South River High School is a public high school located in Edgewater, Maryland, United States, a suburb of the state capital, Annapolis. It lies directly next to Central Middle School. It was built in 1978 due to overcrowding at Arundel High School and Southern High School. It is the primary school for high school students from Edgewater, Mayo, Davidsonville, Riva, and a small portion of Harwood.

Students

South River High School only has one feeder middle school, which is Central Middle School. Central Middle School has 4 feeder elementary schools: Central, Davidsonville, Edgewater, and Mayo. Prior to the opening of Crofton High School in 2020, half of the Crofton Middle School feeder system was also included in the South River High School feeder system. South River High School students from the Crofton area who were in grade 9 during the 2019-2020 school year were relocated to Crofton High School in the fall of 2020. However, because Crofton High only served grades 9 and 10 during the 2020-2021 school year and will only serve grades 9, 10, and 11 during the 2021-2022 school year, Crofton area students who were in grades 11 and 12 in the fall of 2020 remained at South River High School.

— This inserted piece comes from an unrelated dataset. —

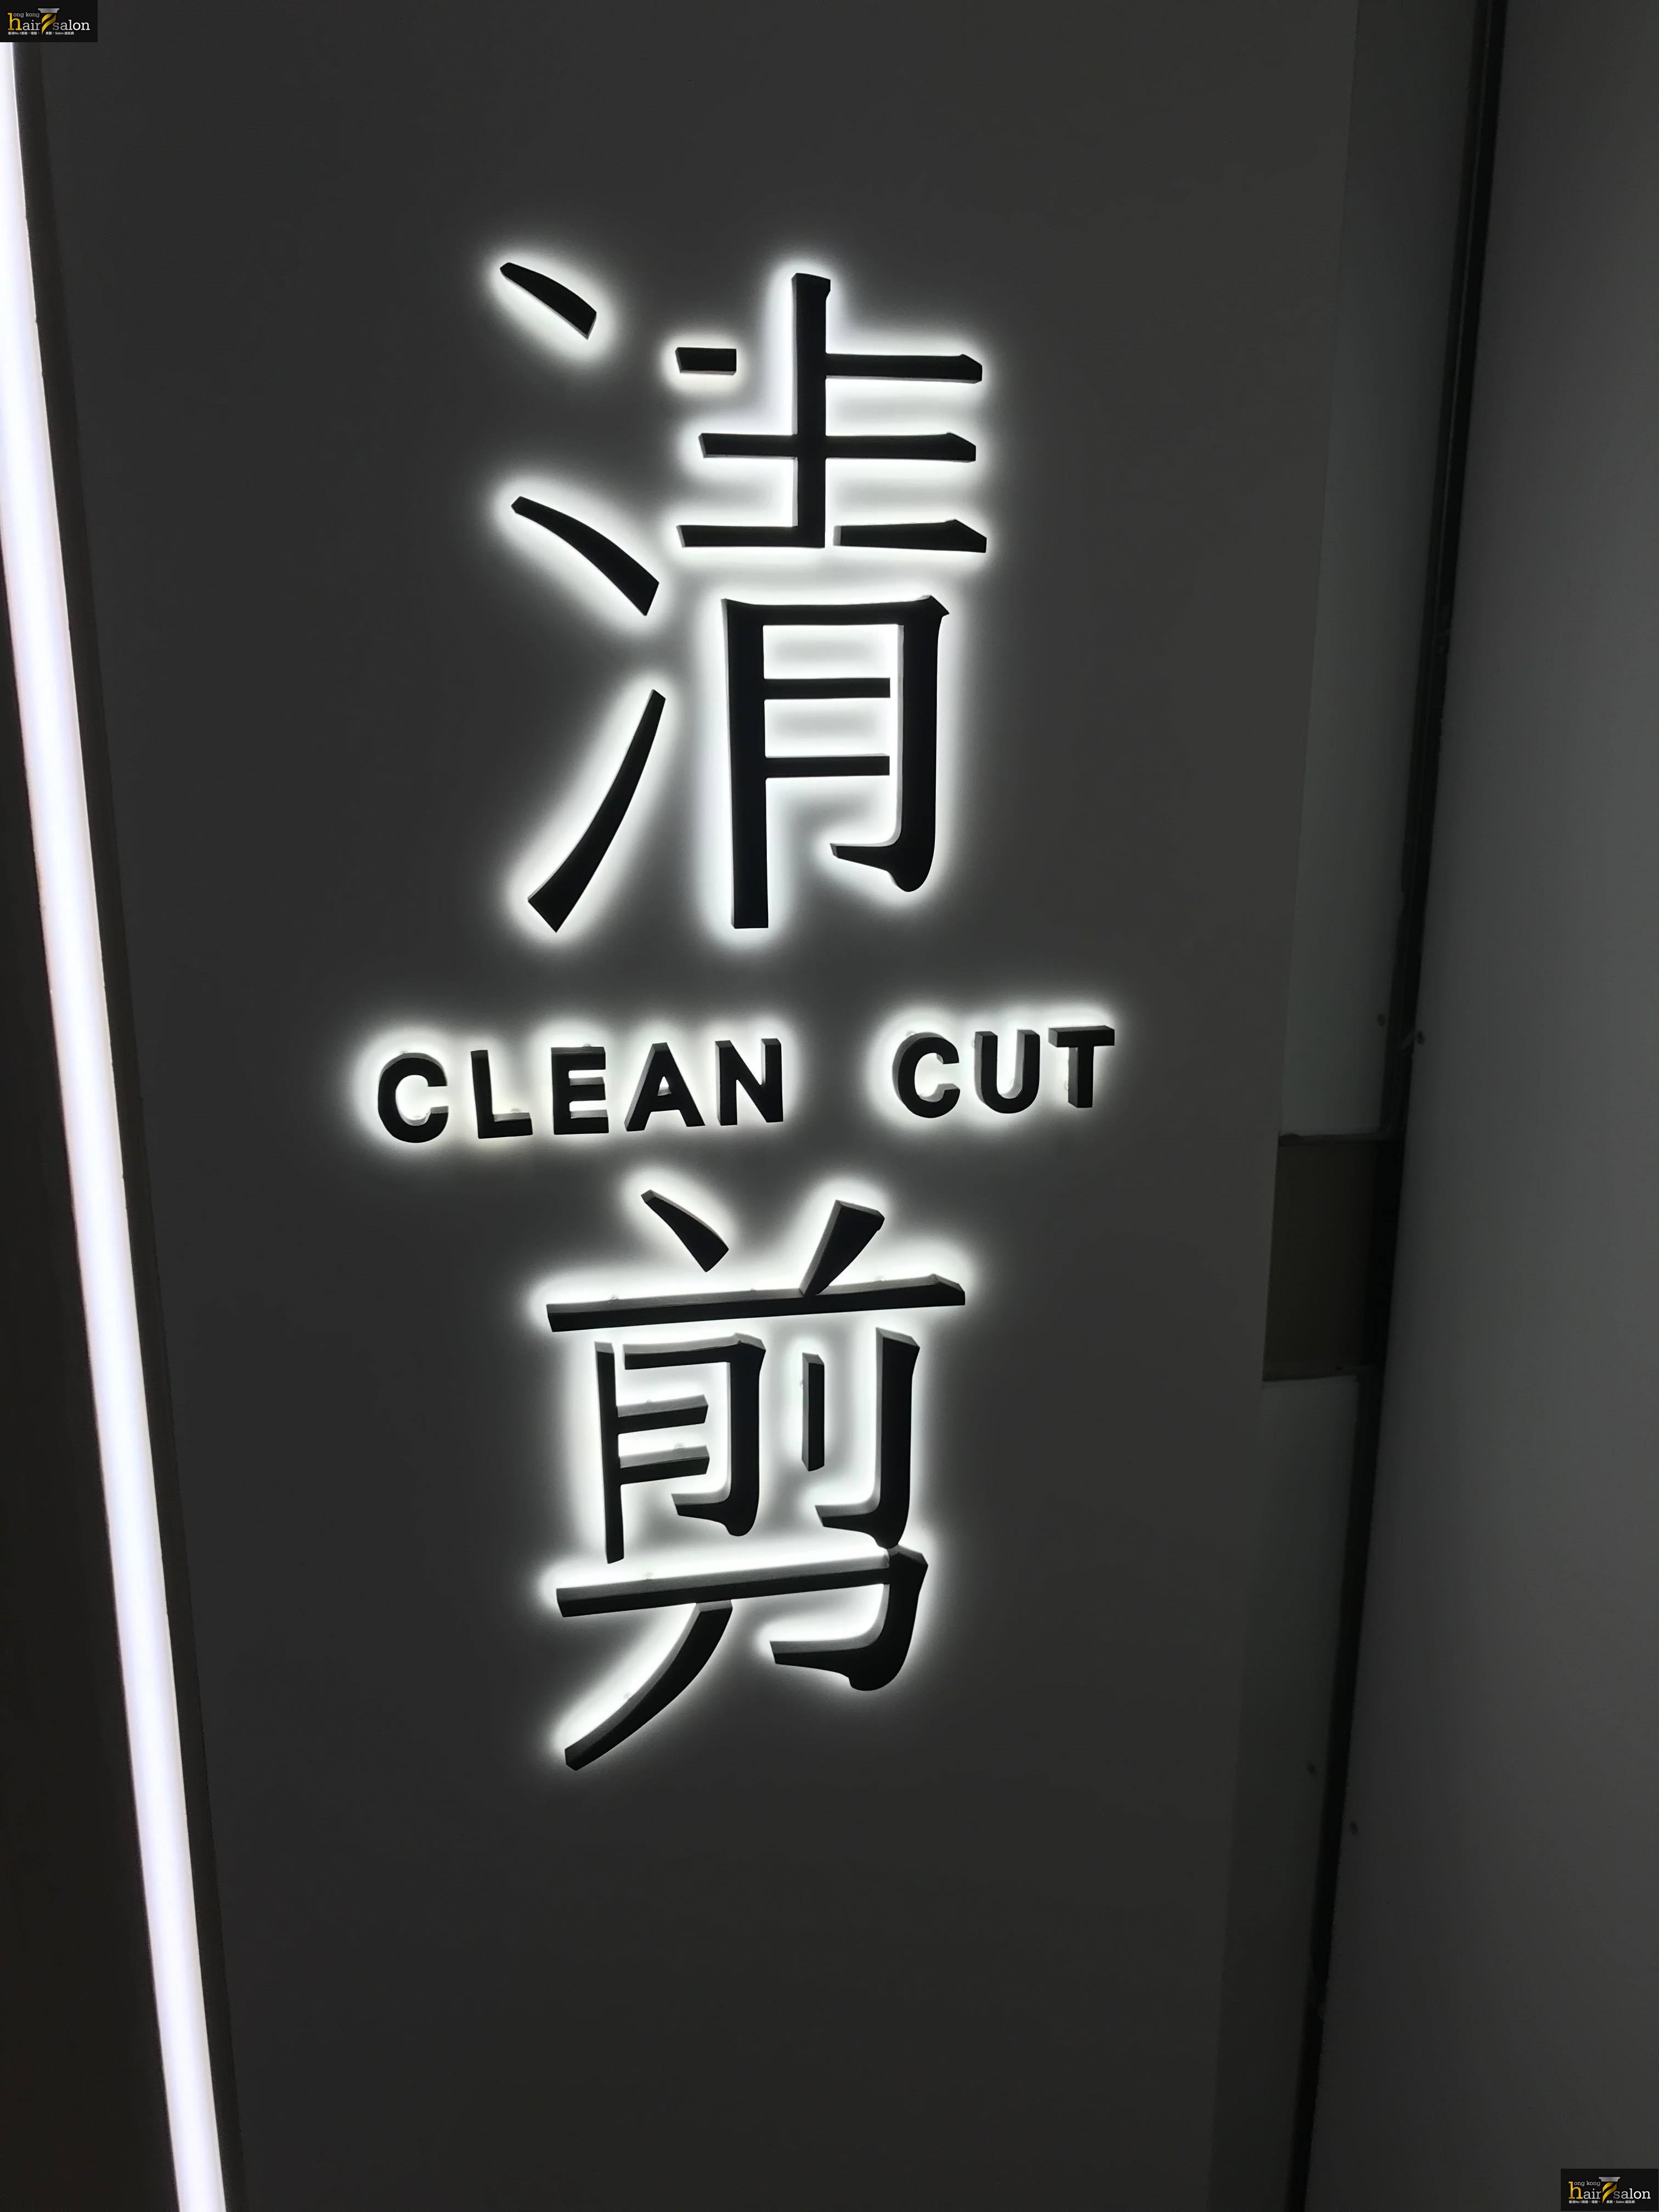 髮型屋 Salon: 清剪 CLEAN CUT (小西灣藍灣廣場)

It received a Blue Ribbon in education. South River has a great reputation throughout Maryland and is known as one of the best high schools in Anne Arundel County. In 2013, Newsweek ranked South River as one of the top 30 high schools in Maryland, and one of the top 1,000 in the country.

The class of 2009 graduated with over $8.5 million in scholarships, and 5 senior students received Scholarships for Scholars from the Anne Arundel County Government. Members of the school's faculty have received awards from the Karen Gaffney Foundation, an organization promoting community service and excellence in special education programs.

South River is Co-Ed and handicap accessible.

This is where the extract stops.